-
Fast, High Accuracy and Super Accurate models and compatibilities
The MinKNOW basecallers offer three different basecalling models: a Fast model, a High accuracy (HAC) model, and Super accurate (SUP) model.
The Fast model is designed to keep up with data generation on Oxford Nanopore devices (MinION Mk1C, GridION, PromethION). The HAC model provides a higher raw read accuracy than the Fast model and is more computationally-intensive. The Super accurate model has an even higher raw read accuracy, and is even more intensive than the HAC model.
For more information about basecalling accuracy, see the Accuracy page on the Oxford Nanopore website.

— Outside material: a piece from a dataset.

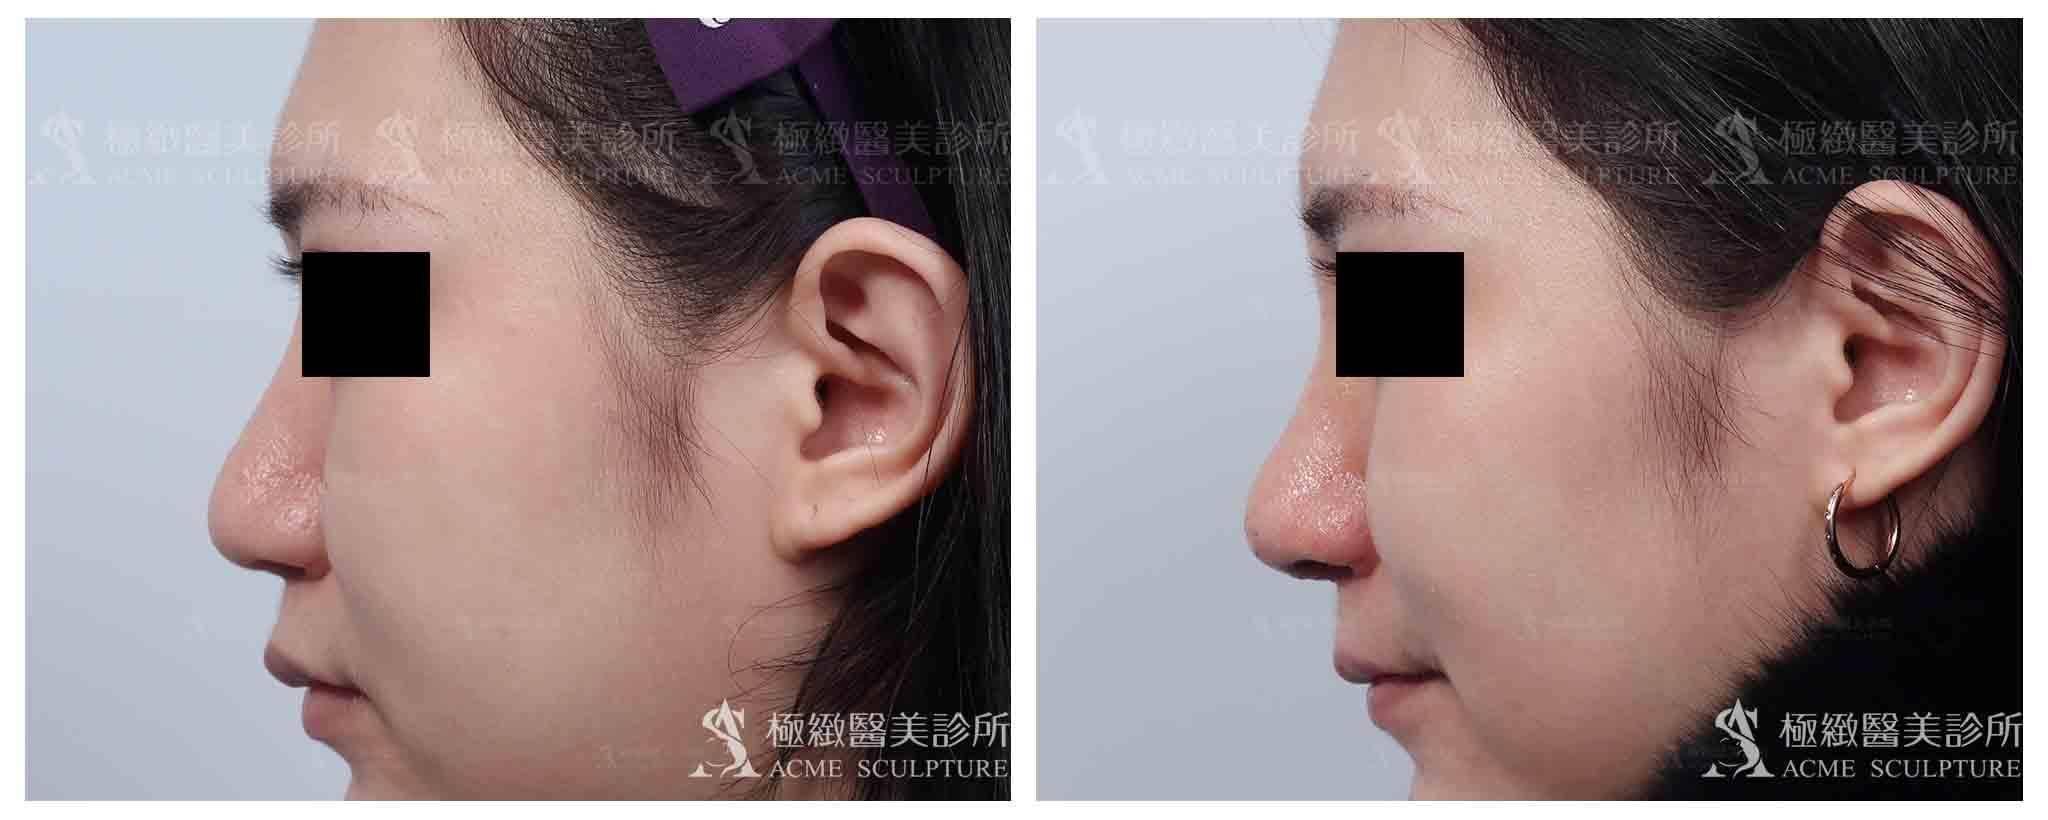 隆鼻,隆鼻案例,隆鼻推薦,隆鼻醫生,隆鼻台北,中山區隆鼻,醫美隆鼻

A comparison of the speed of the models is provided in the table below:
The number of keep-up flow cells assumes a 30 Gbase flow cell output in 72 hours for MinION and GridION, and 100 Gbase output in 72 hours for PromethION.
-
MinKNOW basecalling: keep-up vs catch-up
Basecalling with the Fast basecalling model can keep up with the speed of data acquisition on most nanopore platforms. High Accuracy basecalling keeps up on GridION, and with 18 flow cells on PromethION A-Series. When using the more computationally-intensive models, basecalling continues after the sequencing experiment has run to completion; any reads that have not been basecalled during the experiment will be queued and processed afterwards. This is known as “Catch-up mode”.

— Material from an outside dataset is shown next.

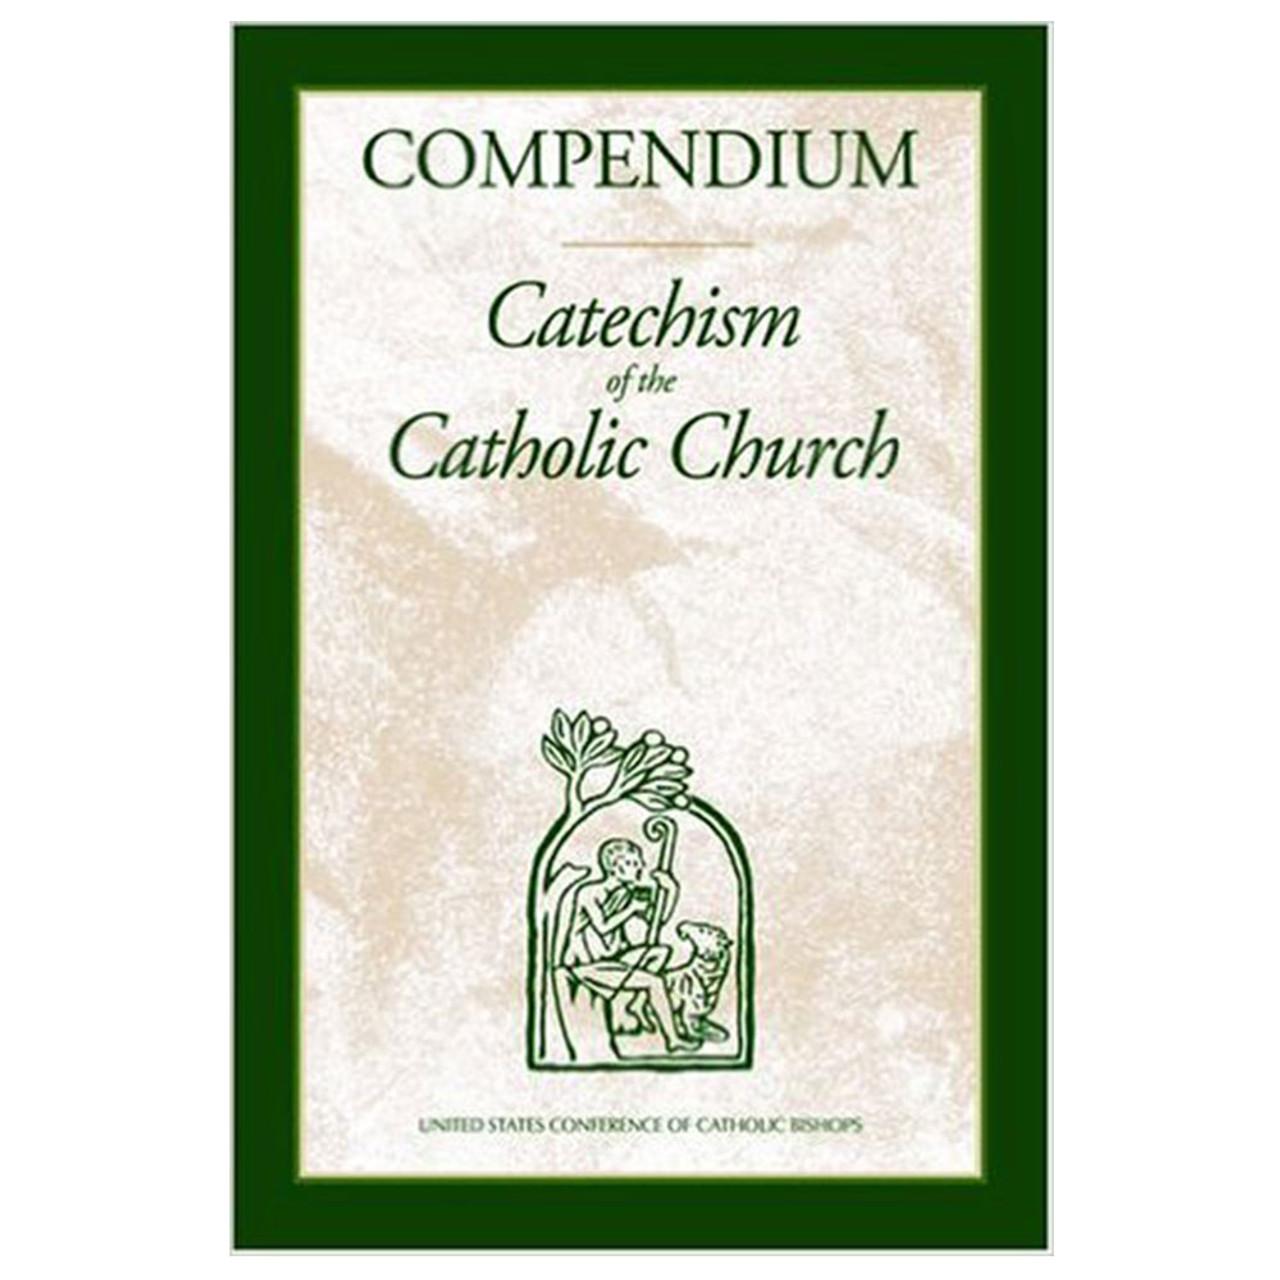 Compendium - Catechism of the Catholic Church

You therefore have two options: either to allow MinKNOW to continue in catch-up mode, or to stop the analysis and basecall the remaining reads at a later time, e.g. using stand-alone Dorado.
-
Calling modified bases
Base modifications, including 5mC, 5hmC, and 6mA for DNA and m6A for RNA, can be called from nanopore signal data. This requires the use of a designated basecalling model that is trained to identify base modifications. The simplest way to access these models is via MinKNOW on the device, or the standalone Dorado basecaller from GitHub. MinKNOW currently has models for 5mC + 5hmC (CG-context and all-context) and 6mA (all-context) for DNA, and a m6A model for RNA operating in a DRACH context. Standalone Dorado includes these models alongside other models, including 4mC + 5mC for DNA and pseudouridine for RNA. The basecalling software outputs modified base information in BAM files.
Several advanced options are also available for calling and analysing modified bases. Remora is a tool available on GitHub that provides the tools to prepare datasets, train modified base models and run simple inference. Another option is to use modkit (also available on GitHub) for post-processing base modifications after basecalling. Modkit creates summary counts of modified and unmodified bases in an extended bedMethyl format. bedMethyl files tabulate the counts of base modifications from every sequencing read over each reference genomic position.

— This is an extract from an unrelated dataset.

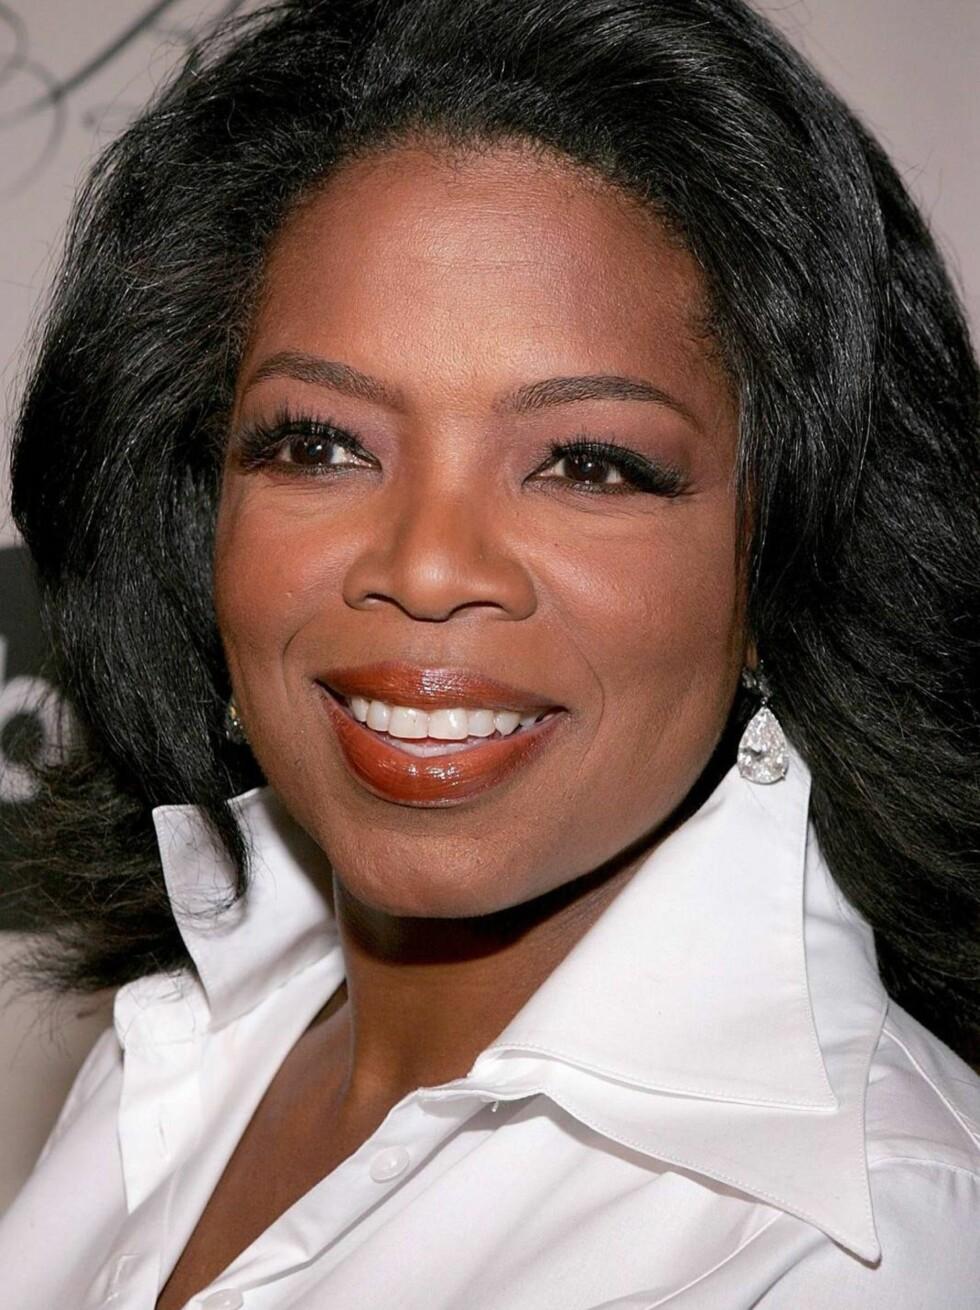 UBUDEN GJEST: Oprah antar visst at hun er velkommen overalt. Foto: All Over Press

If you wish to train your own all-context modified base calling models, we are now offering a limited developer release of the software tool Betta for the processing of “randomer” datasets. A randomer is a chemically synthesized oligonucleotide with a specific construct including a fixed width section of randomly inserted canonical bases. Betta provides a chemistry protocol and easy-to-use commands for generation and analysis of data from this construct design. The primary target of these pipelines is a Remora dataset for input into training a Remora modified base detection model. If you would like access to this tool, register your interest here.
-
Basecaller, consensus and variant caller model training
When developing basecalling, consensus, and variant-calling models using machine learning, Oxford Nanopore Technologies uses data from sequencing experiments. This data can be synthetic or derived from genomic sources. Model development is broken down into two broad categories: training (creating a model) and validation (showing that it works). The rest of this section will focus on training basecall models, although similar strategies apply to the other model types.
To train a DNA or RNA basecall model, sequencing experiments using a range of genomes are run to generate raw signal data (.pod5). This data is then prepared for training by selecting a representative subset of reads; basecalling them with Dorado; and aligning them to a ‘ground truth' reference. Once the data is prepared, the new basecall model is then trained using Bonito software, which applies machine-learning methods to fit a model to the training dataset. Various additional parameters can be set to configure the basecalling training appropriately for the sequencing condition, which are described in further detail in the Bonito documentation.
Typically, the training dataset contains raw signal data from pod5 files including samples of human, C. elegans, and ZymoBIOMICS Microbial Community Standard sequencing experiments. The data includes both PCR-amplified reads and native reads that can contain base modifications. A portion of the reads and/or genomic locations are reserved for validating the model and not included in the training dataset.
Once trained, the quality of the model is validated using reads covering genomic regions that were not included in the training dataset. Validation assesses the following parameters:
- Alignment accuracy
- % of strands that align to the reference
- Identifying strand edges and barcodes
- Specific test cases such as low complexity and homopolymer sequences
- Basecalling in and around methylation motifs
- De novo genome assembly quality
- Consensus accuracy (with and without trained polishing models)
- Short variant calling (SNPs and indels, with and without trained polishing models)
- Structural variants
If the validation meets the minimum criteria and the new model is an improvement on the currently-released models, it is then included in Oxford Nanopore's production software.